- _TASK TO COMPLETE_:
Leave the pictures aside and copy all the data exactly.

- _RECORDED DATA_:
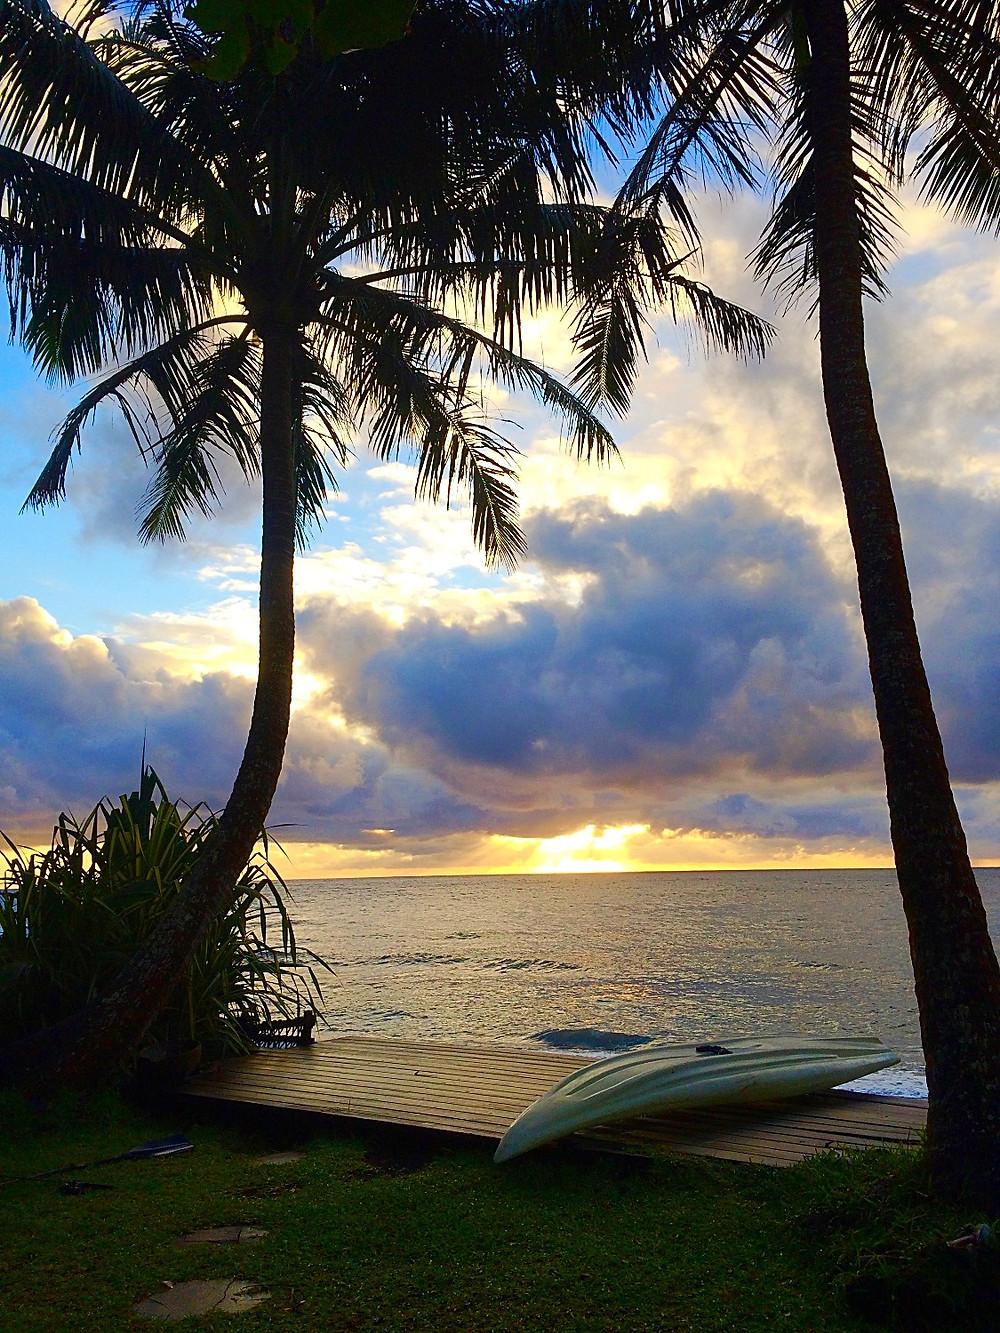 Aube sur Arahoho, Tahiti, my homeland.
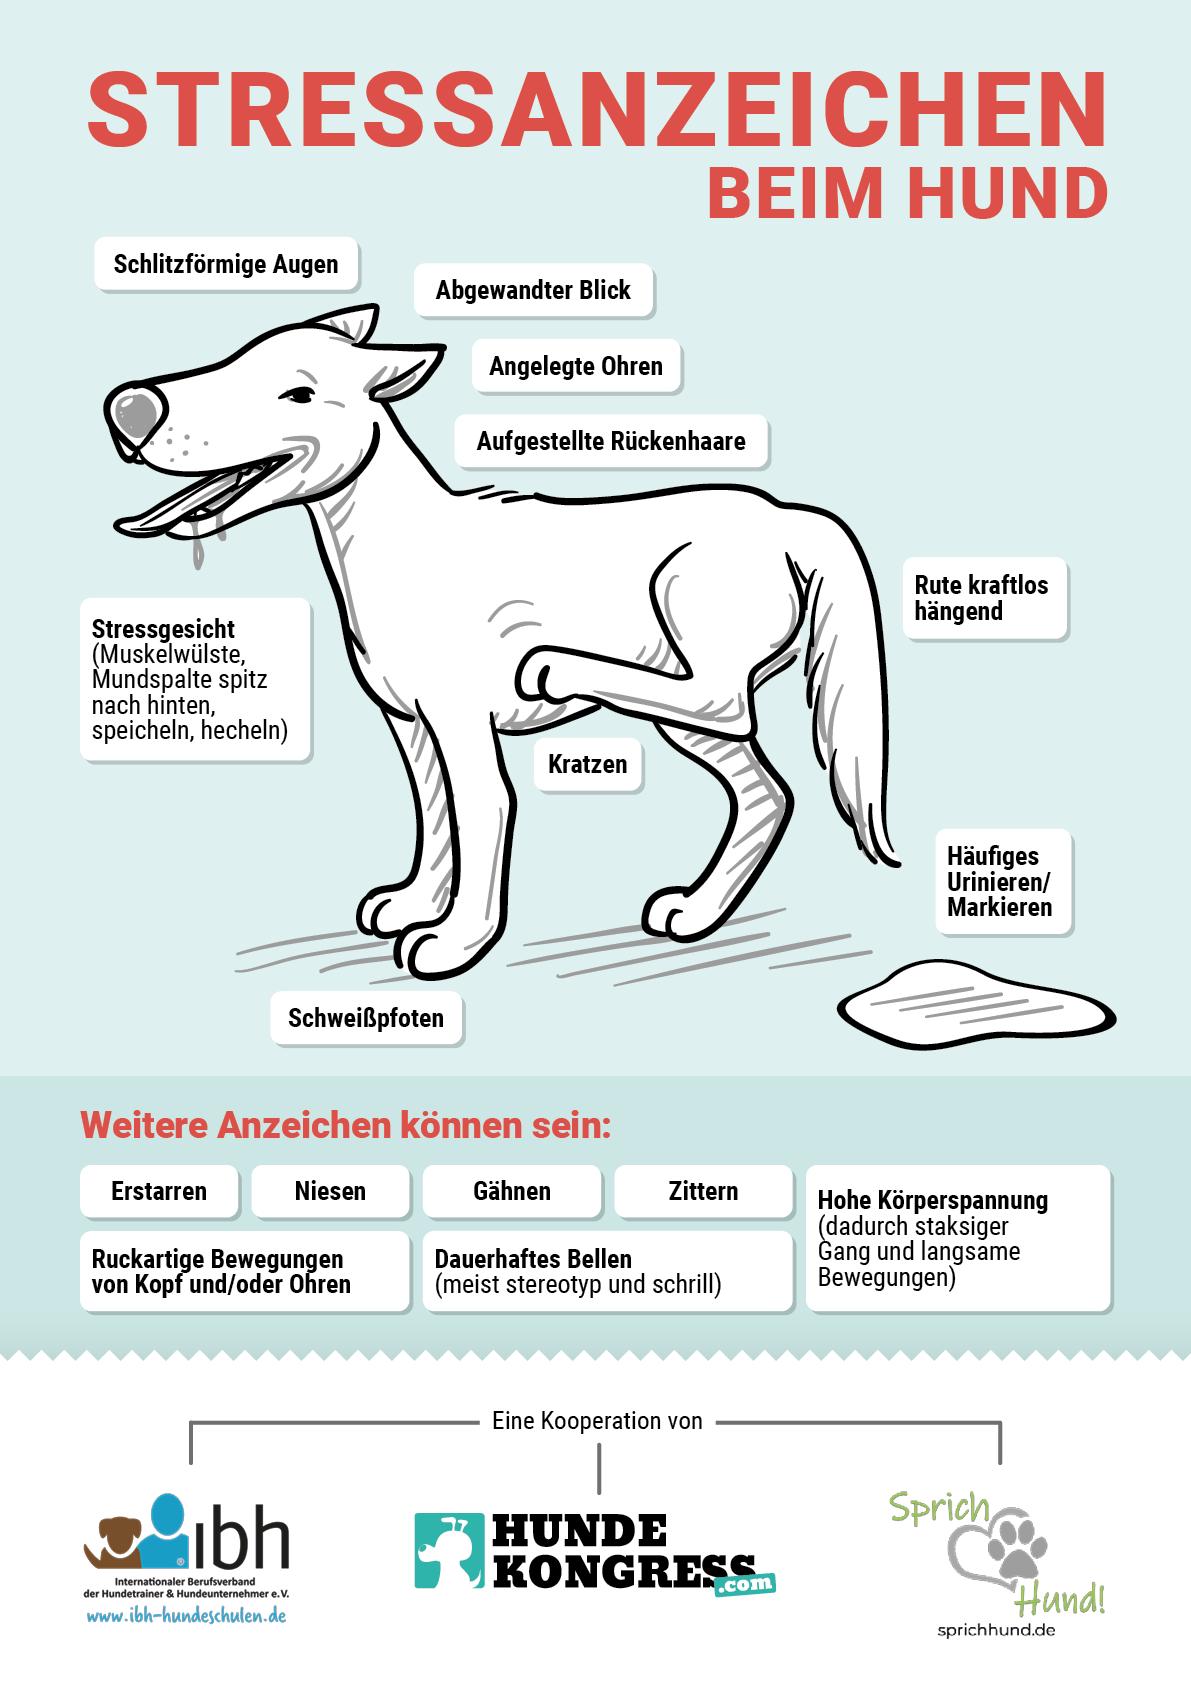 Stressanzeichen beim Hund
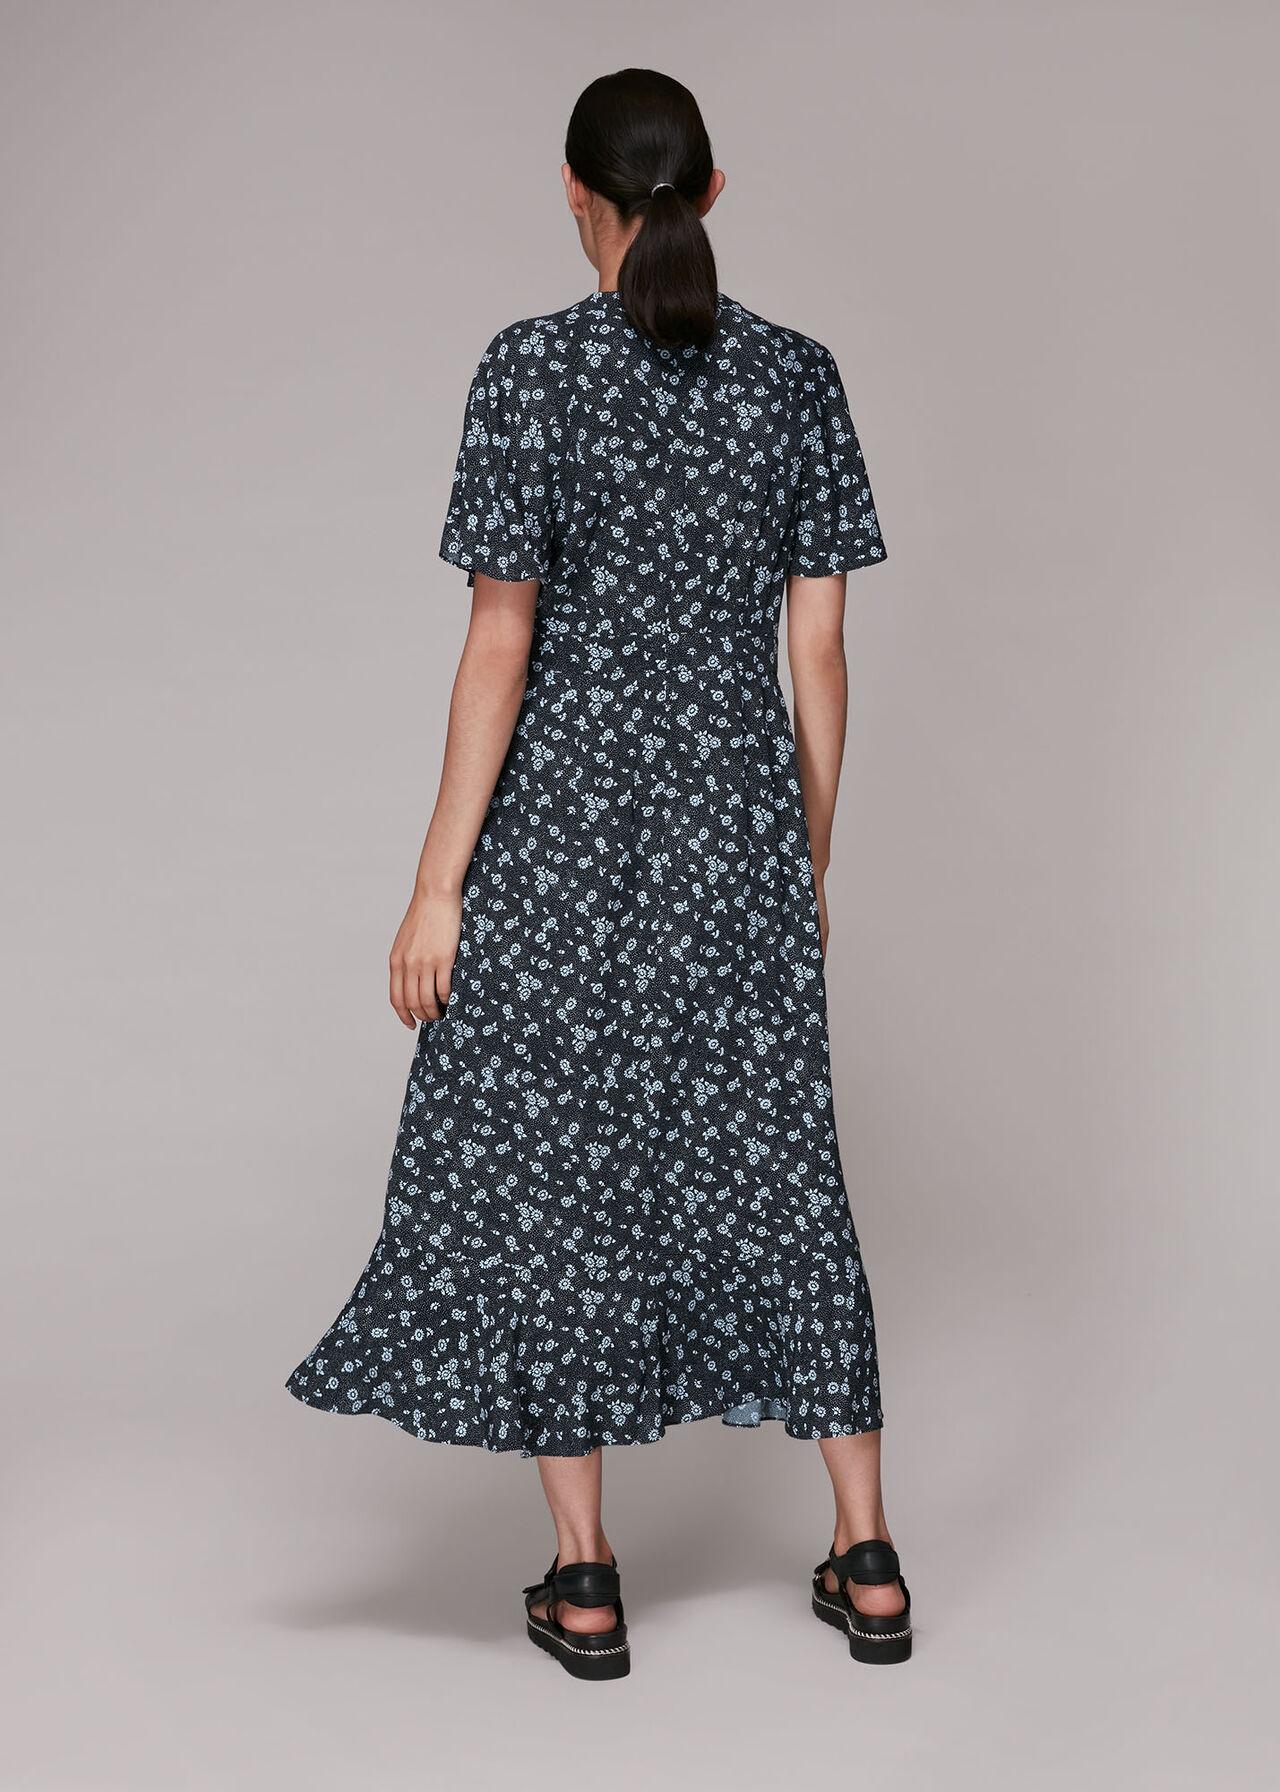 Daisy Spot Print Midi Dress

- _SOLVED EXERCISE_:
 Aube sur Arahoho, Tahiti, my homeland.
 Stressanzeichen beim Hund
 Daisy Spot Print Midi Dress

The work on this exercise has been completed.